Credit Suisse Bank’s annual forecast The Israeli economy for the coming year is included in the Bank’s global forecast and indicates that the growth rate of GDP (gross domestic product) in real terms is expected to remain above or around the average growth rate in the years before the corona plague, although growth in 2022 is expected to be more moderate. The expectation is for real GDP to expand by 4.1% and 5.5%, compared with a growth rate of 7.0% -7.1% which was recorded in 2021. The good performance of the economy in 2021 was due, among other things, to the success of the Israeli government in corona virus vaccinations. , And as a result of impressive data on exports of goods and services from Israel. Economy growth in 2022 is expected to be driven by a significant increase in private consumption and investment in fixed assets. This is on the condition that the negative risk to the forecast in 2022 will not increase due to the consequences of the continued disruptions in the world supply chain or the further deterioration of the corona plague.
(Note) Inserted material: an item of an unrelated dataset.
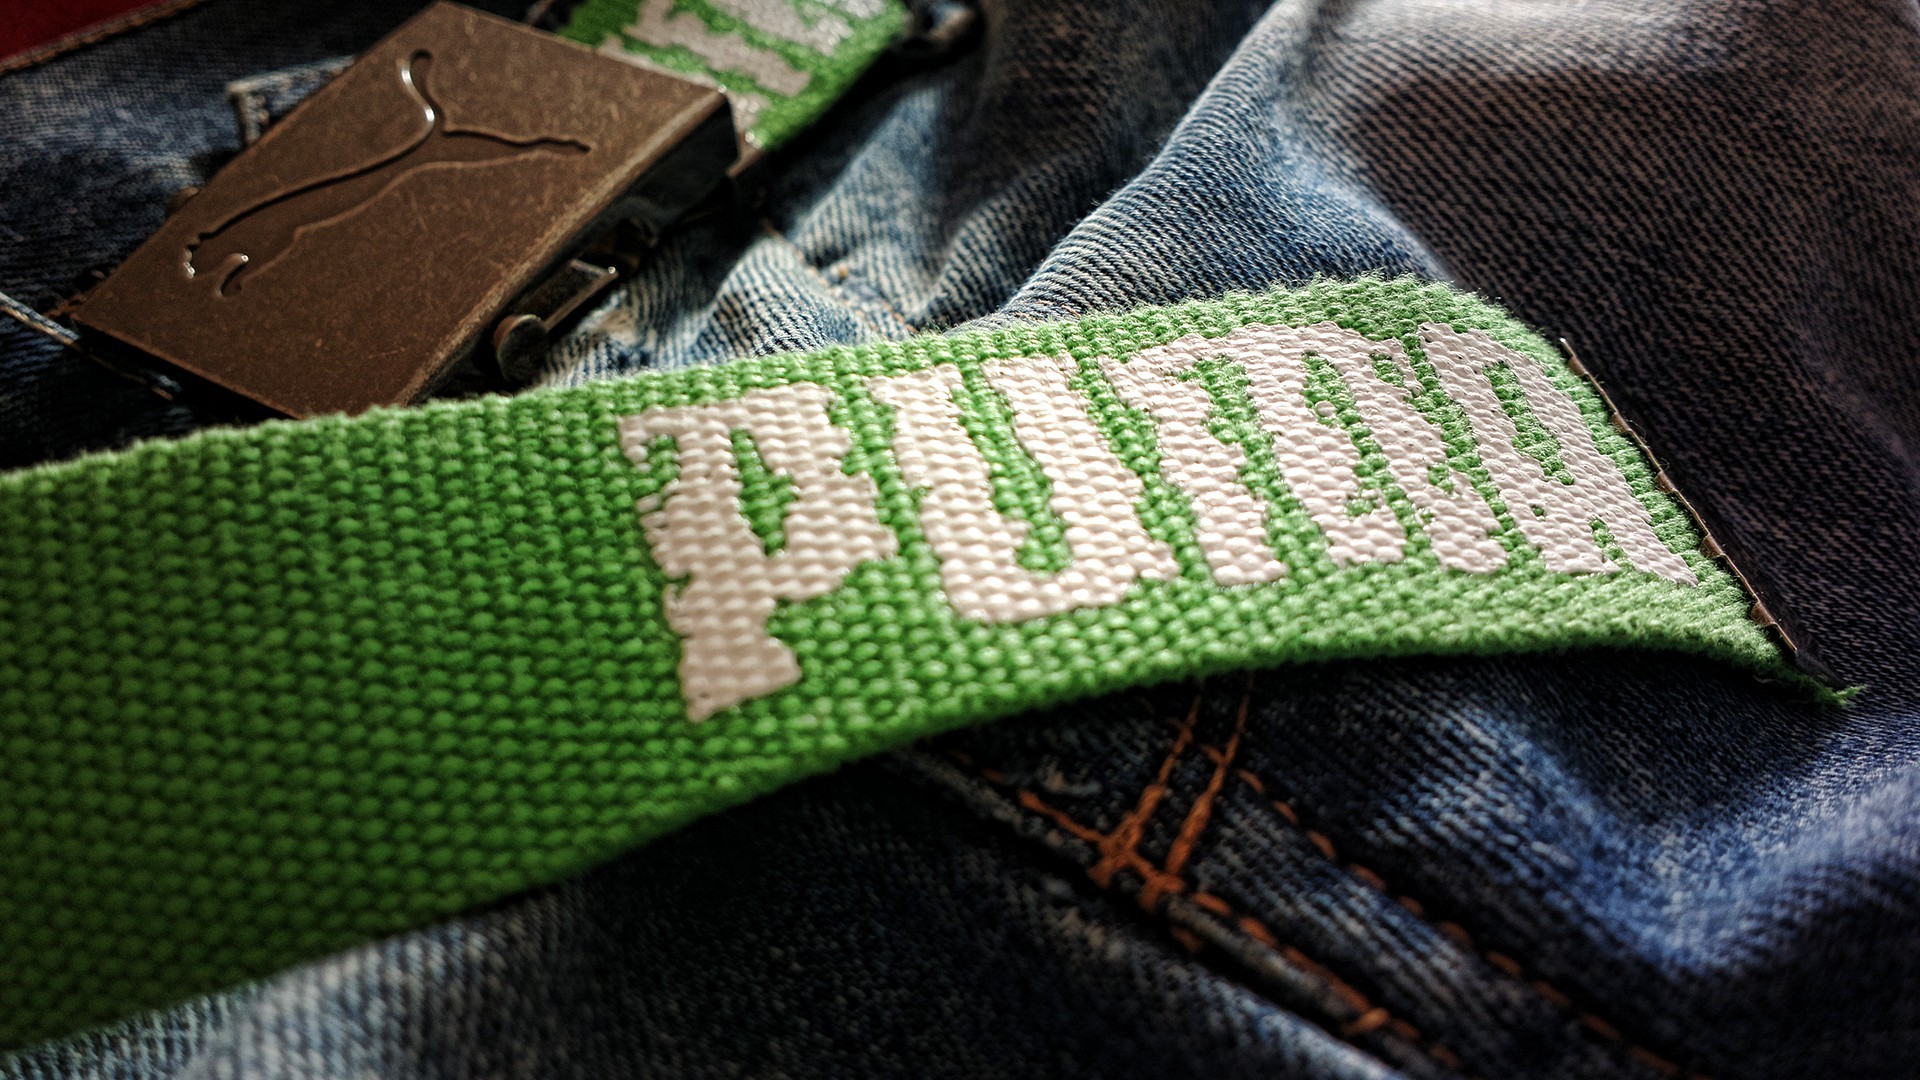 Puma Jeans Belt Closeup 1920x1080

In their reference To monetary policy Of the Bank of Israel, state the economists of Credit Suisse That the approach to keeping interest rates low in order to stimulate the economy is likely to moderate, But interest rate hikes are not on the doorstep. According to them, the Bank of Israel is expected to remain neutral in the coming months, with the inflation rate likely to rise and reach the upper limit of the target range set by the central bank of 1.0% -3.0%. Still, the structural pressure on the shekel suggests that the bank is expected to maintain interest rates at least 0.1% throughout the first half of the year, and may consider raising interest rates only if inflation surprises. The Bank of Israel forecasts that inflation will moderate from 2.5% in the last quarter of 2021 to 1.6% in the last quarter of 2022.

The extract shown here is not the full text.